Nothing but an exact repeat of the data, with pictures removed, belongs in the answer.

## [DATA]

○ ○ ○

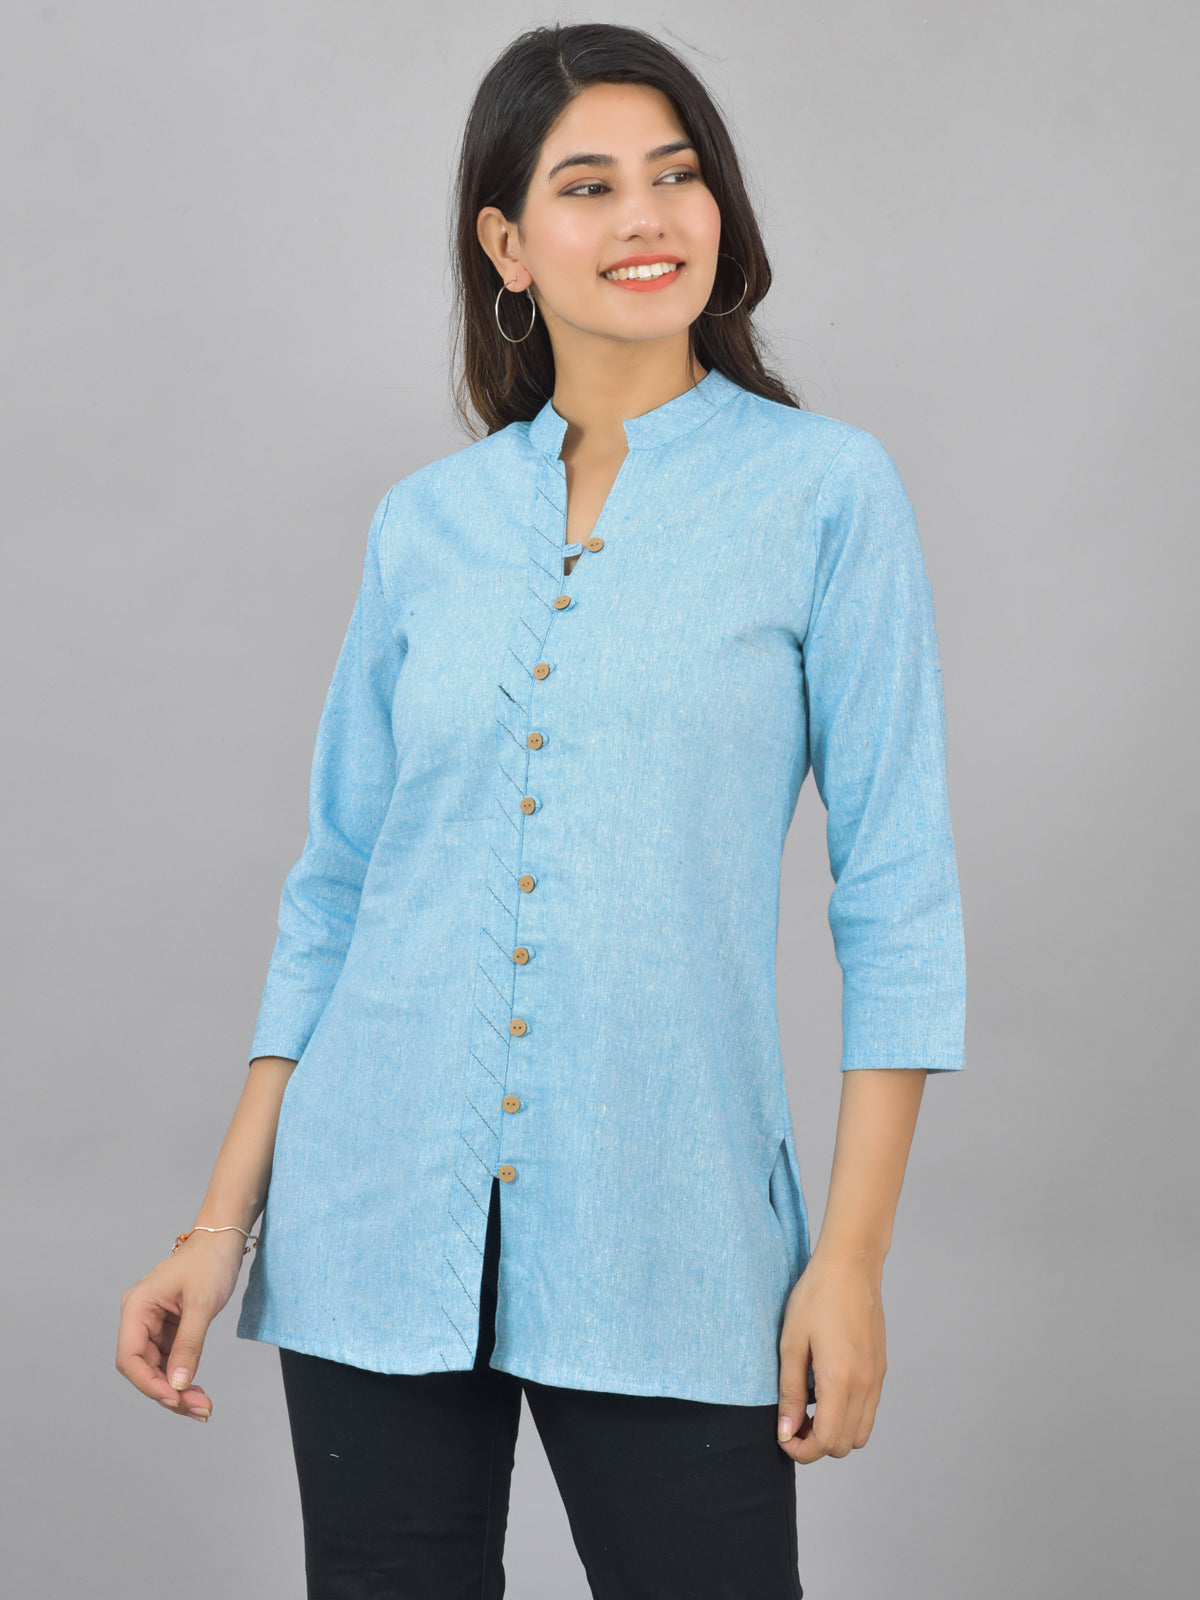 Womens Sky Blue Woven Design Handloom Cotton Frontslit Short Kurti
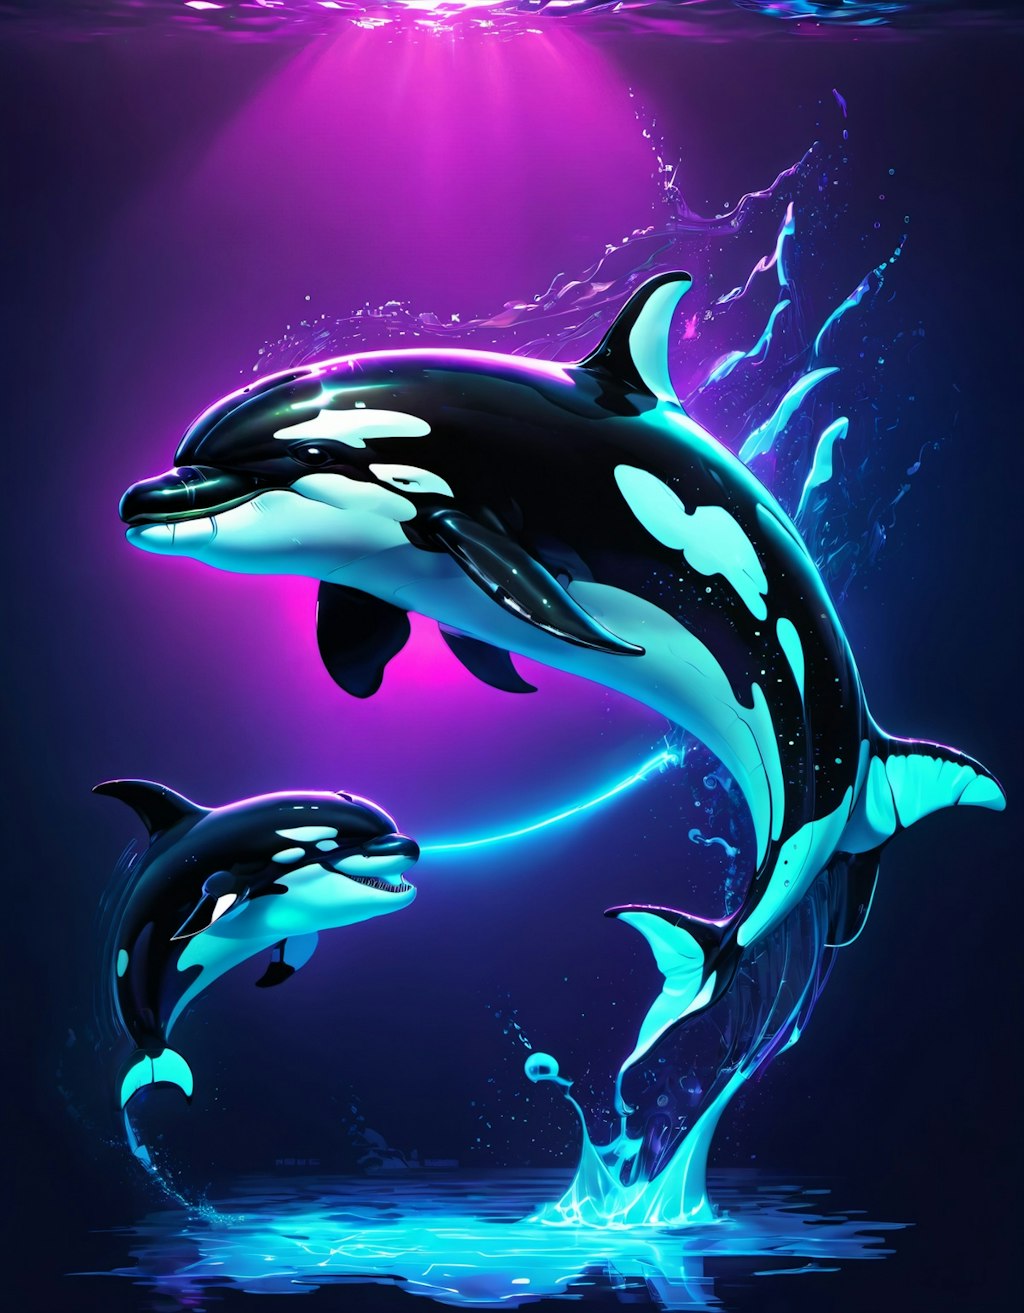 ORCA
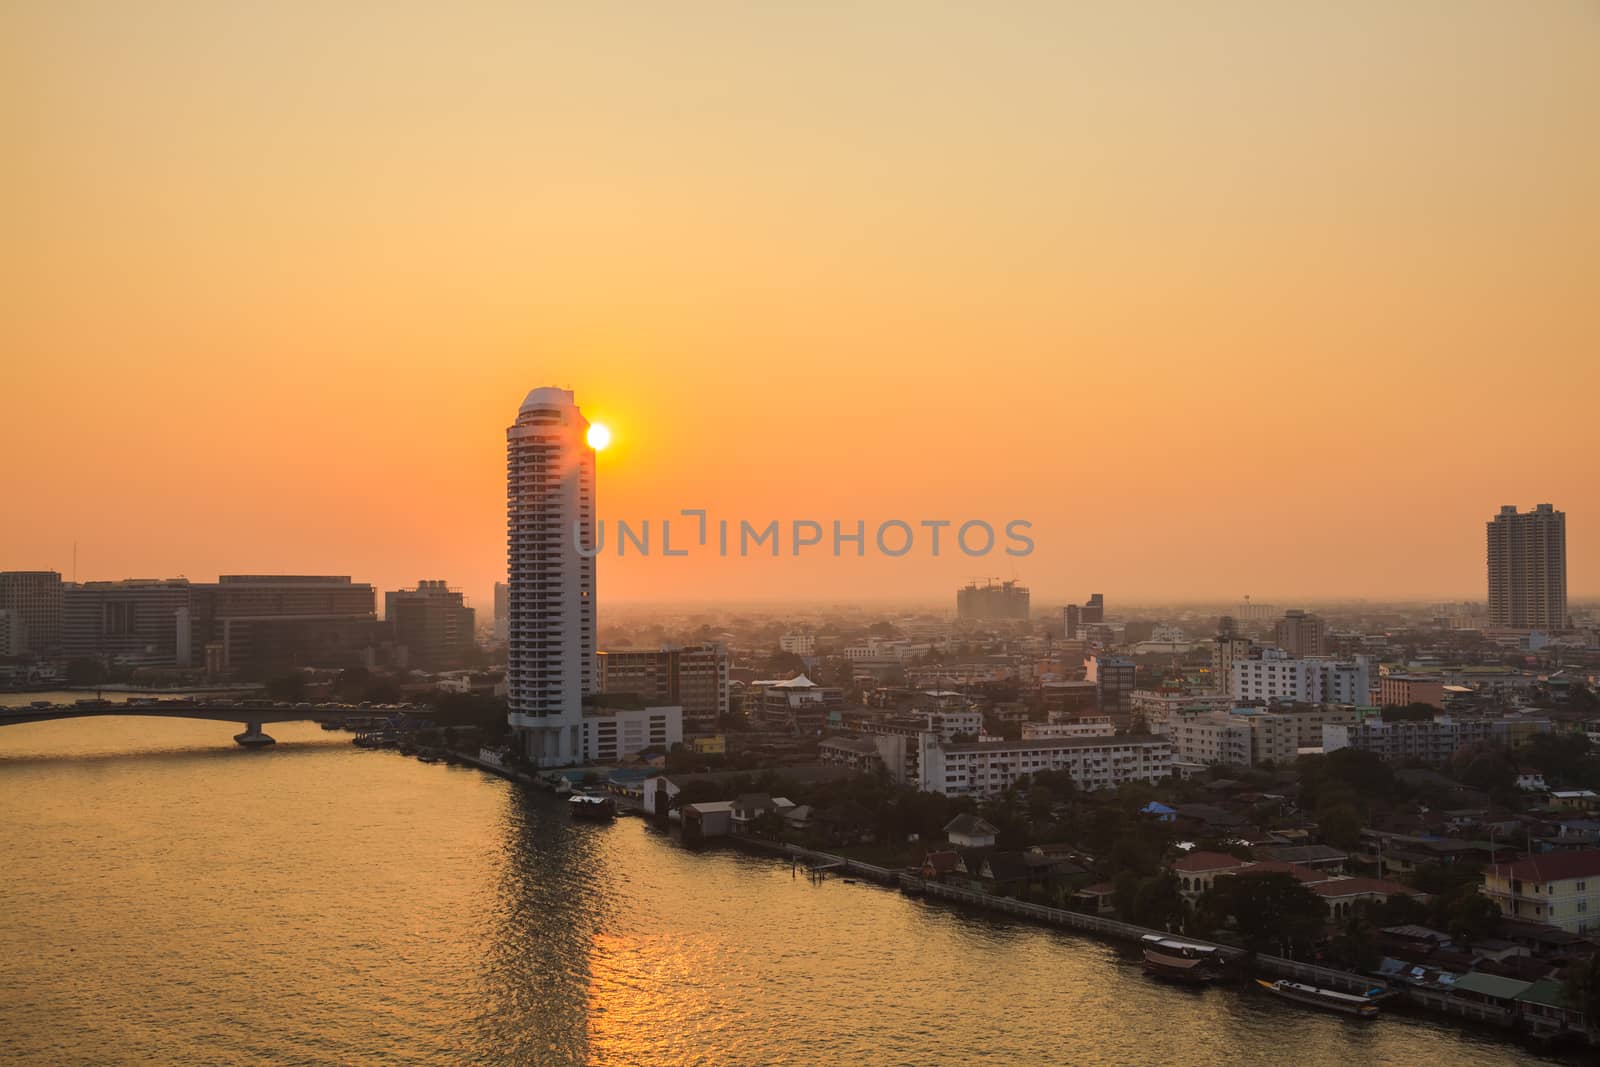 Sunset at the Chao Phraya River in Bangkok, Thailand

○ ○ ○

## [ANSWER FOR THE TASK]
 Womens Sky Blue Woven Design Handloom Cotton Frontslit Short Kurti
 ORCA
 Sunset at the Chao Phraya River in Bangkok, Thailand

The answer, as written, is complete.